» **Recorded data**:
'''

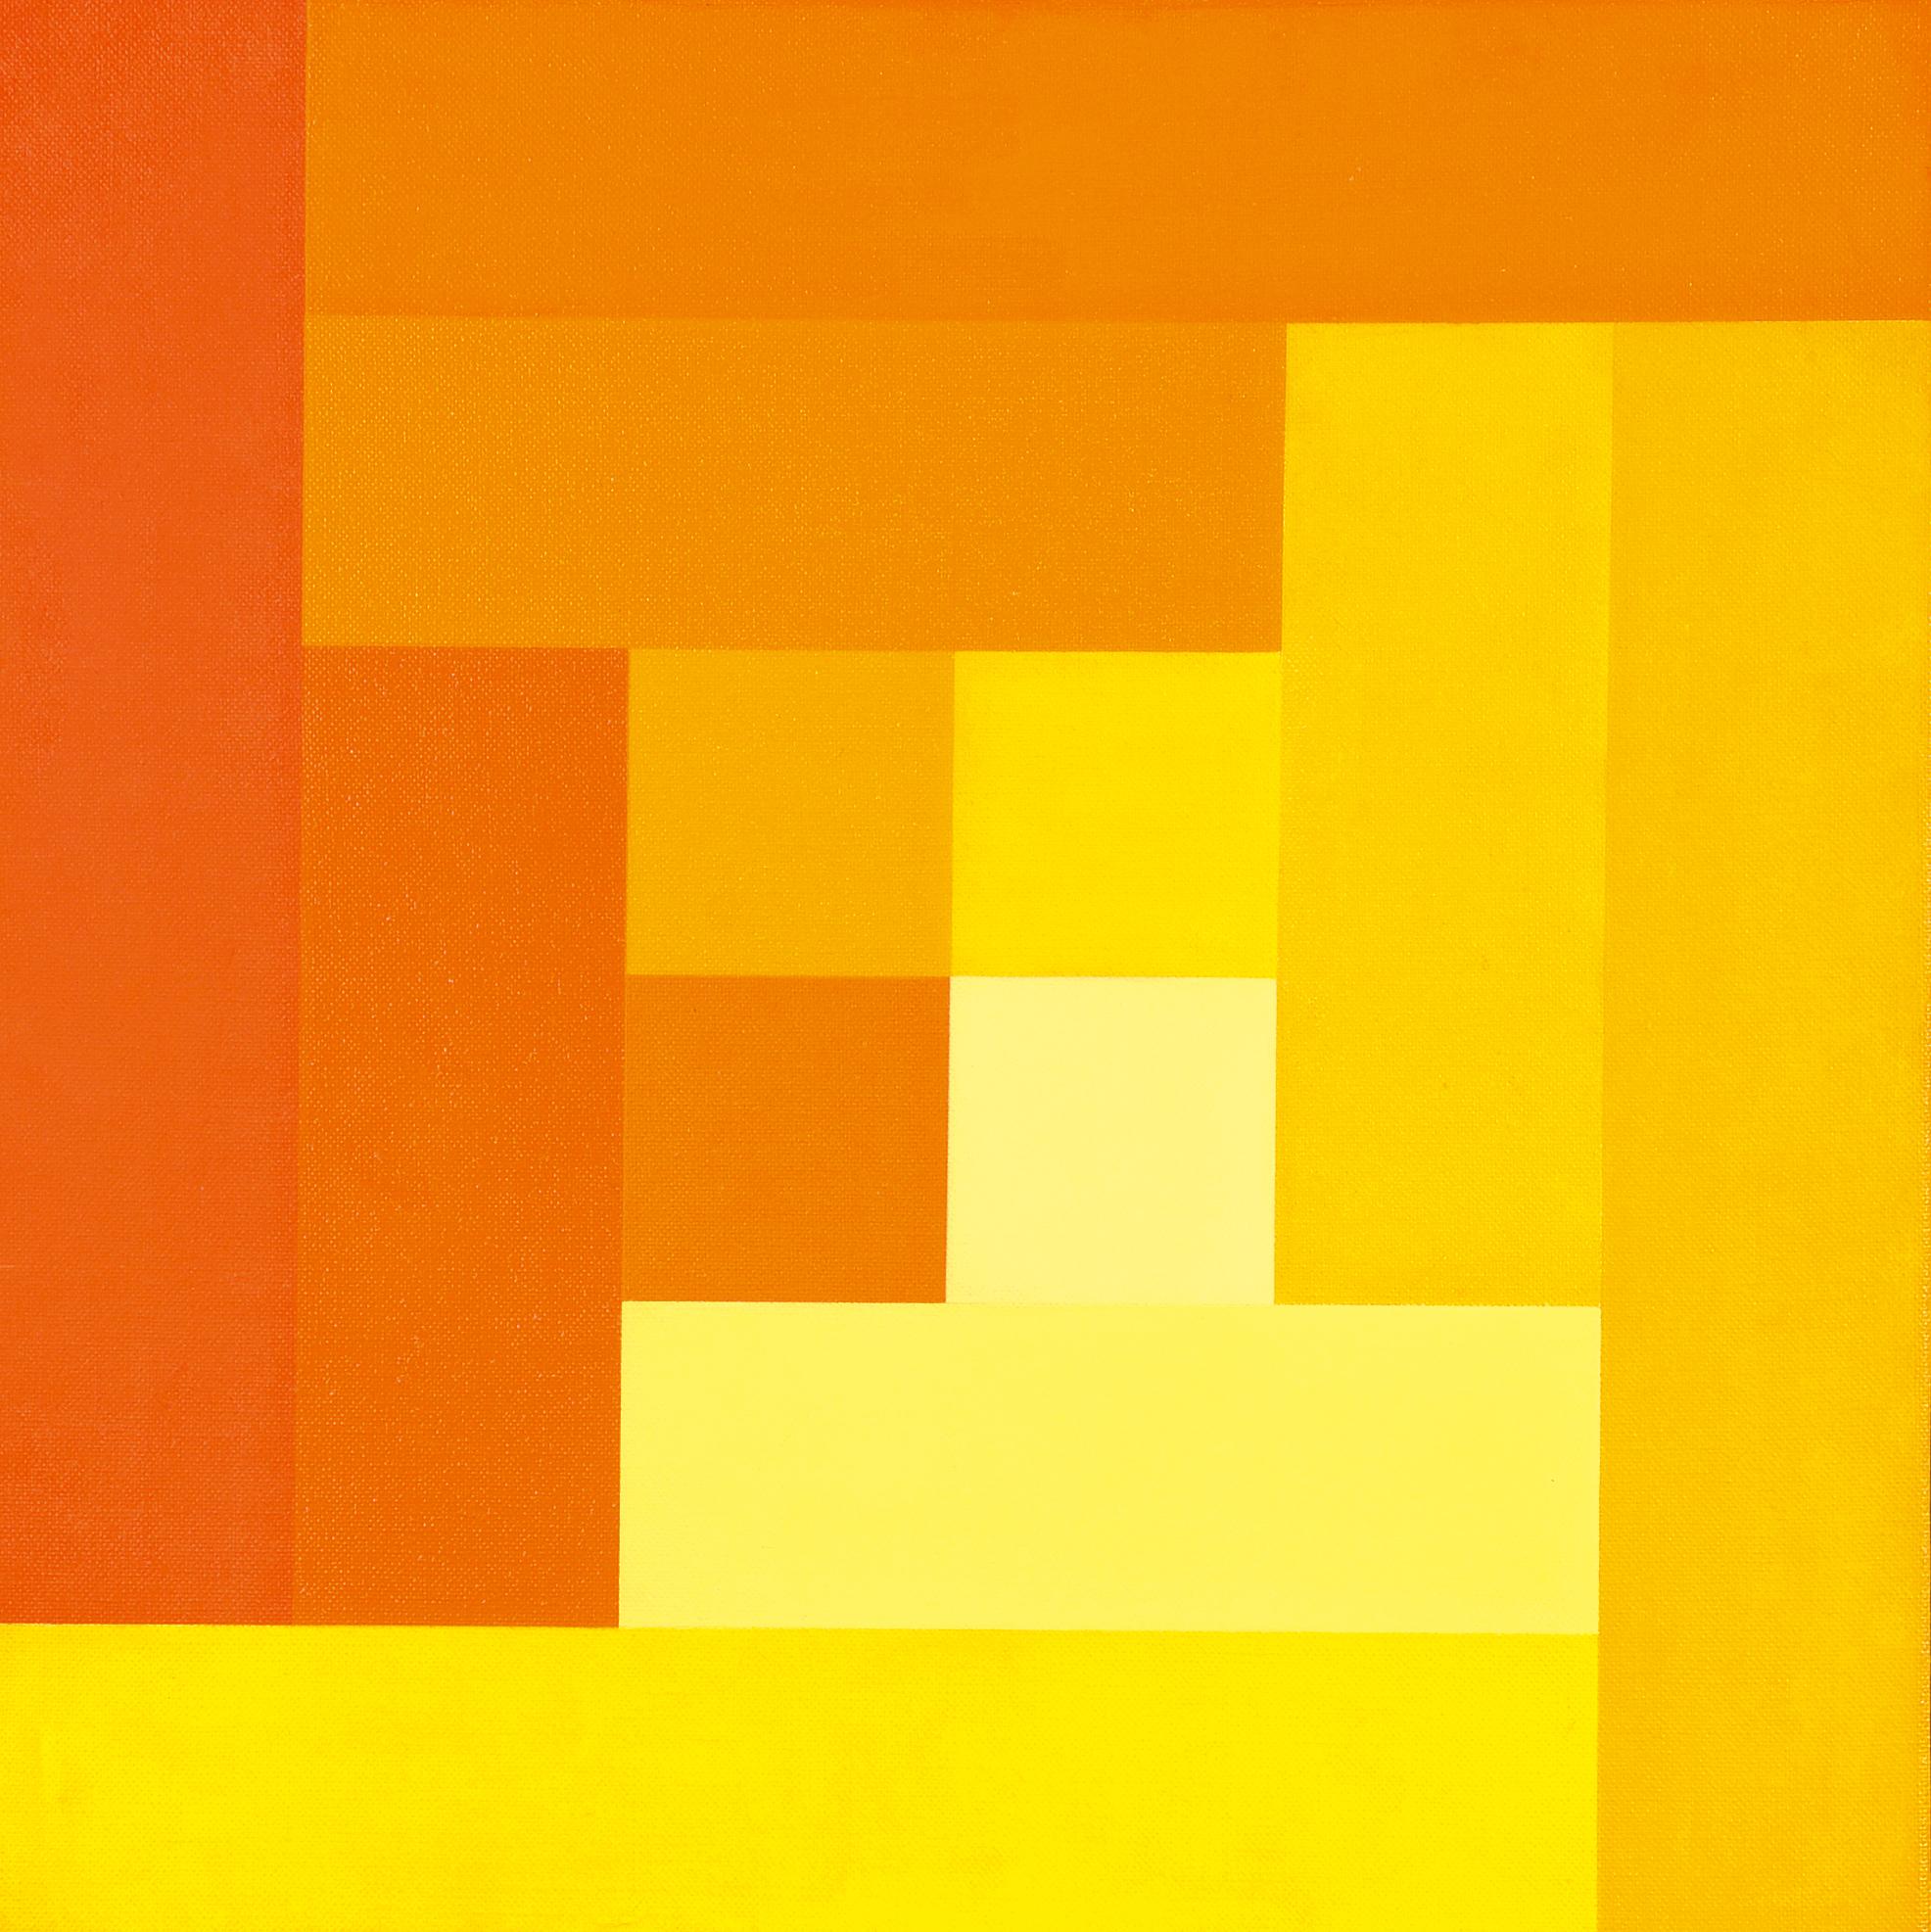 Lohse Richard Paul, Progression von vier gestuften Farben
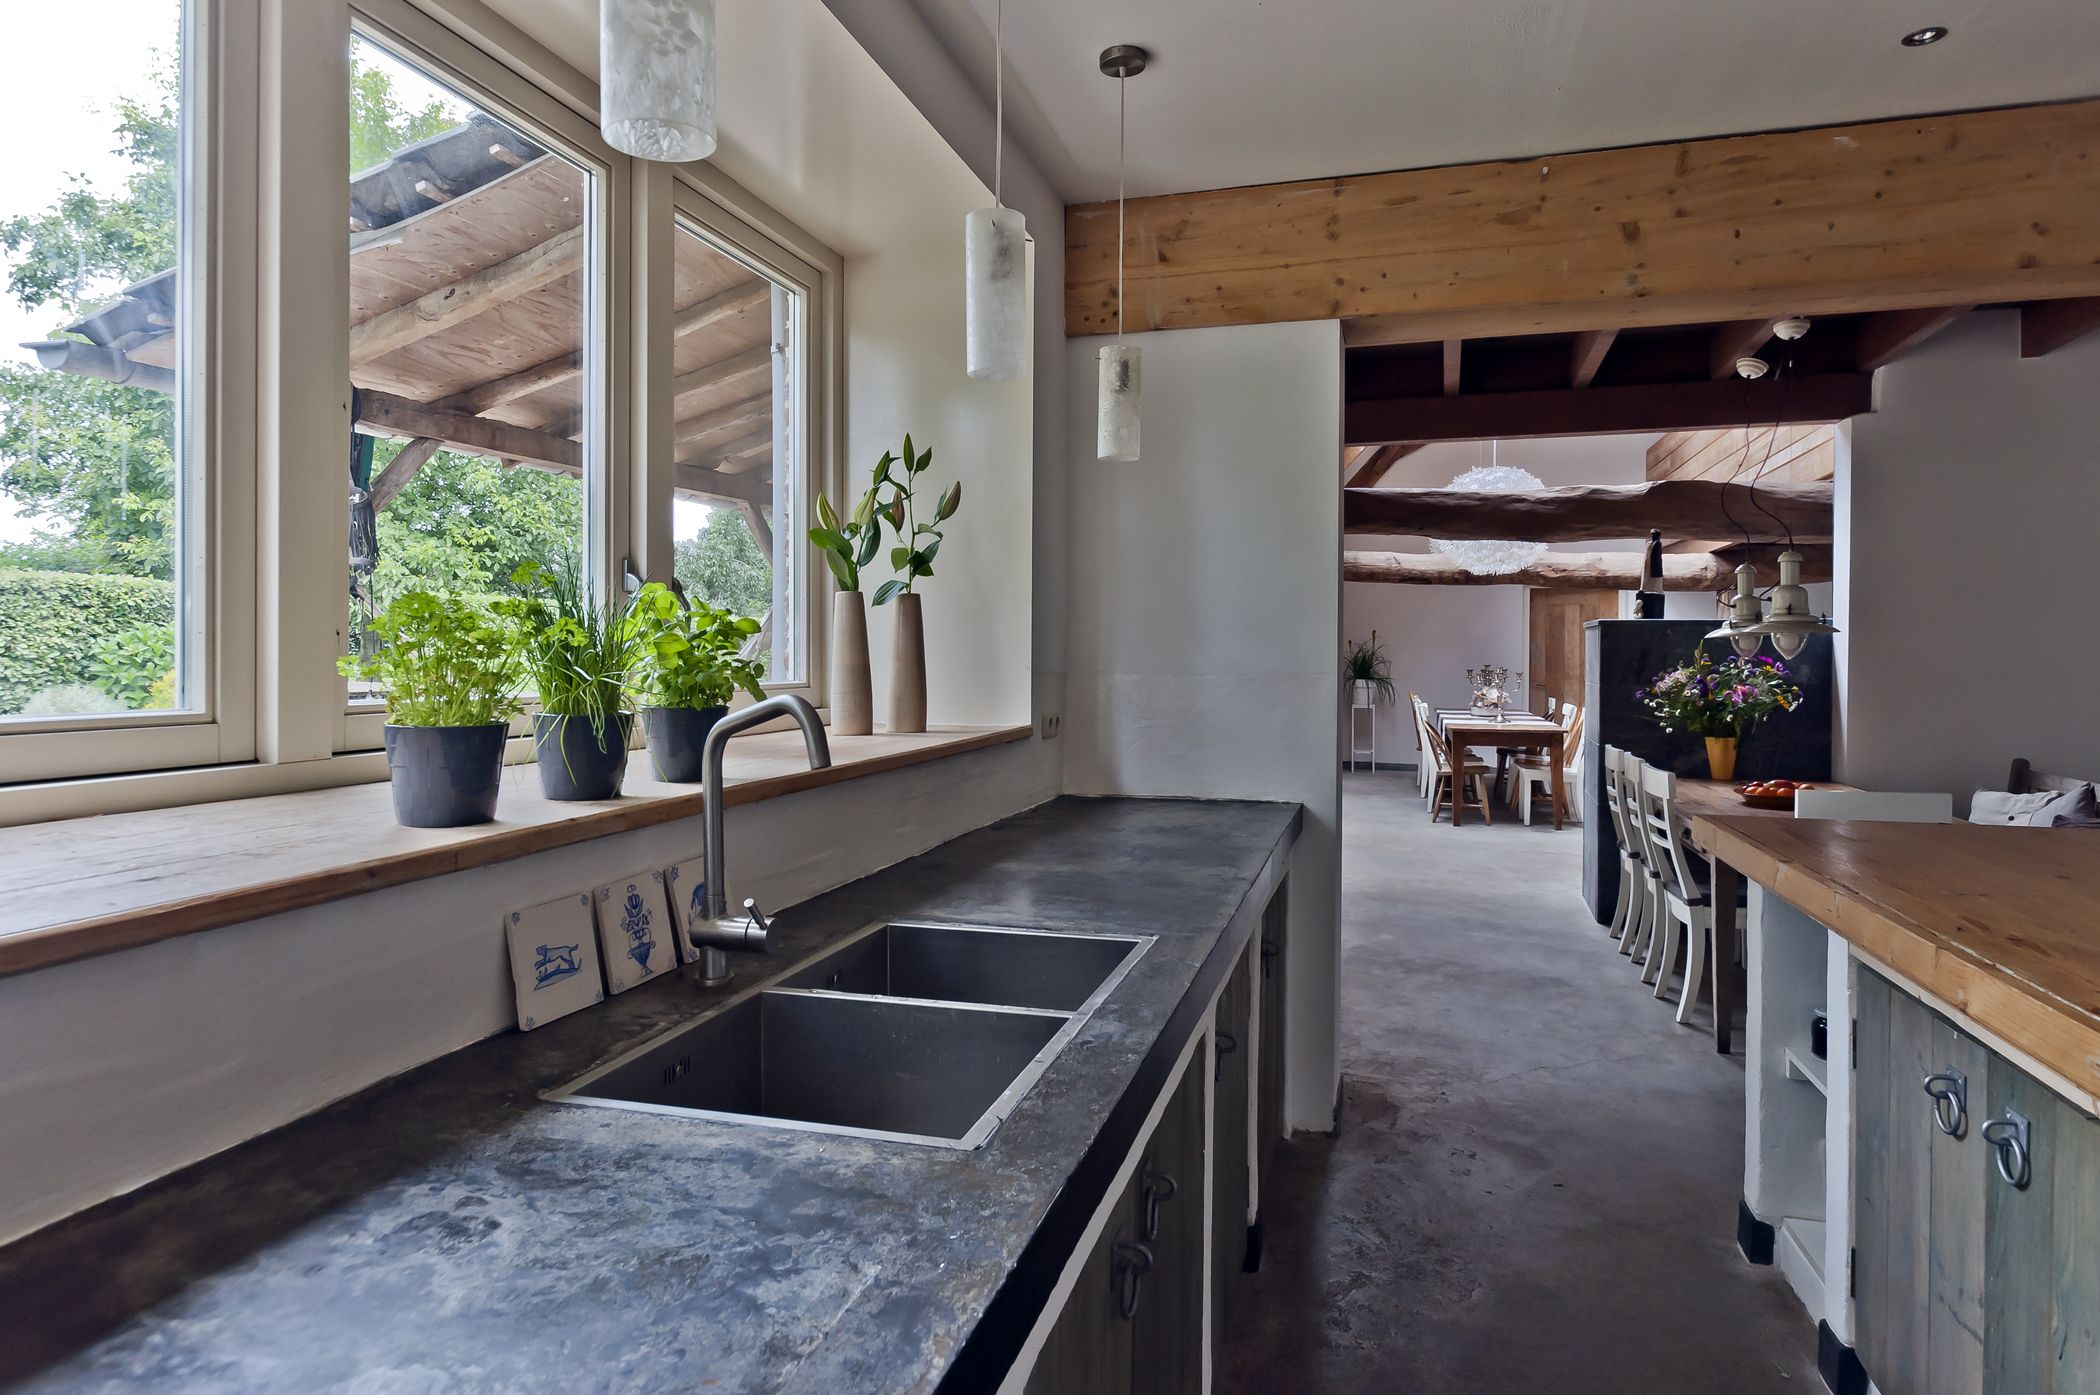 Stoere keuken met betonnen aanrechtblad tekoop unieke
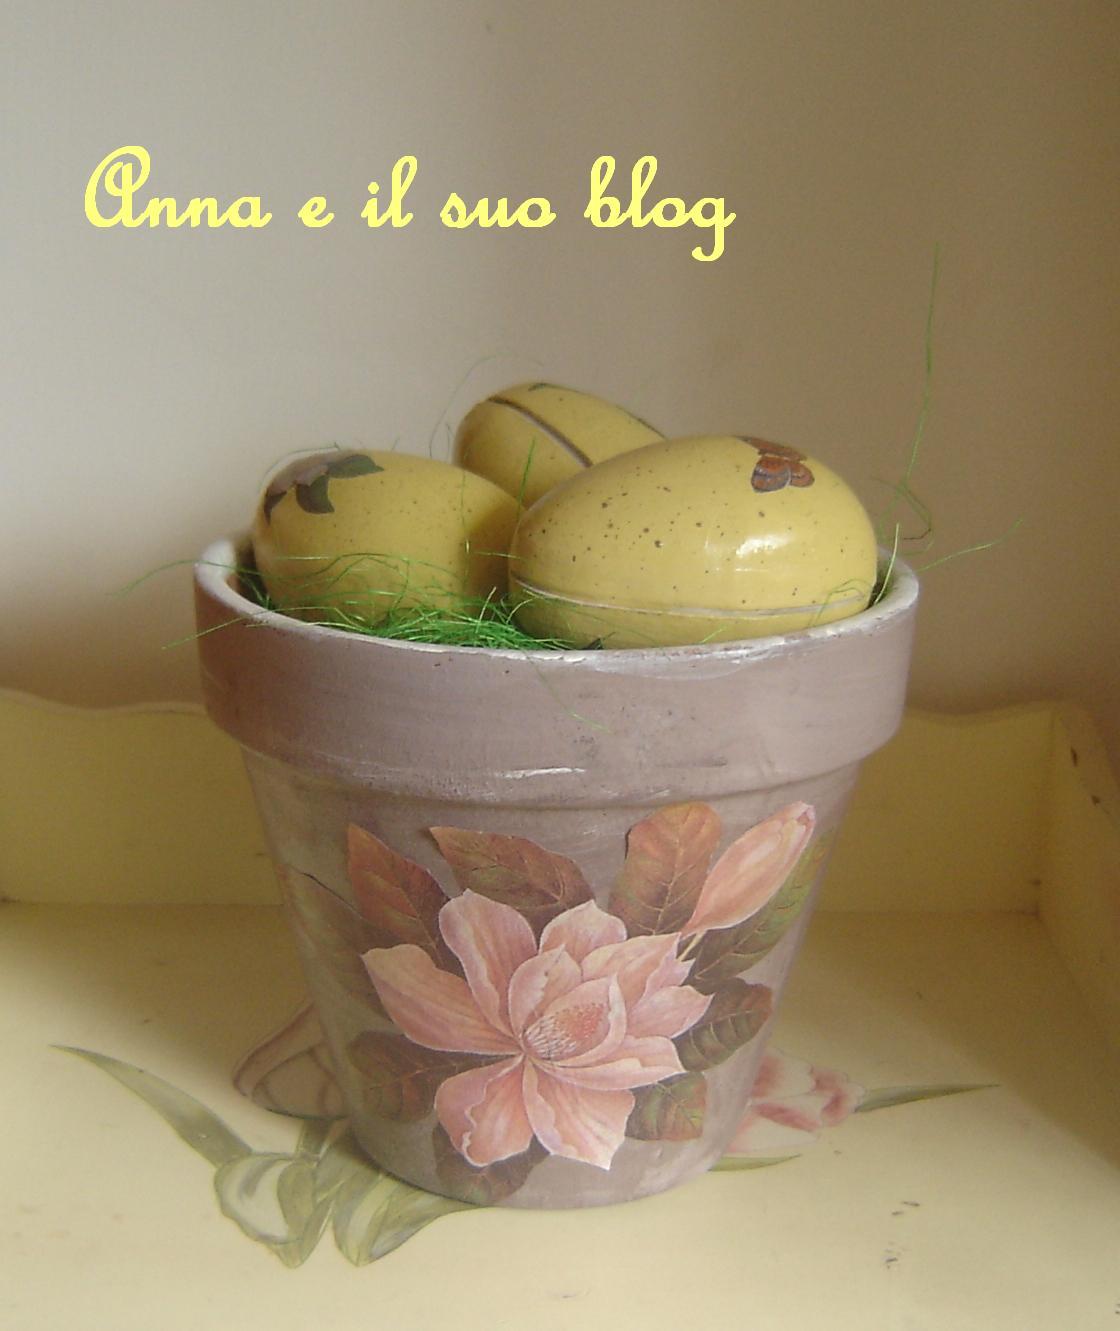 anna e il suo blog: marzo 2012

'''

» **Problem details**:
Each word of the data should be repeated exactly, and the pictures left out.

» **Solution for this problem**:
 Lohse Richard Paul, Progression von vier gestuften Farben
 Stoere keuken met betonnen aanrechtblad tekoop unieke
 anna e il suo blog: marzo 2012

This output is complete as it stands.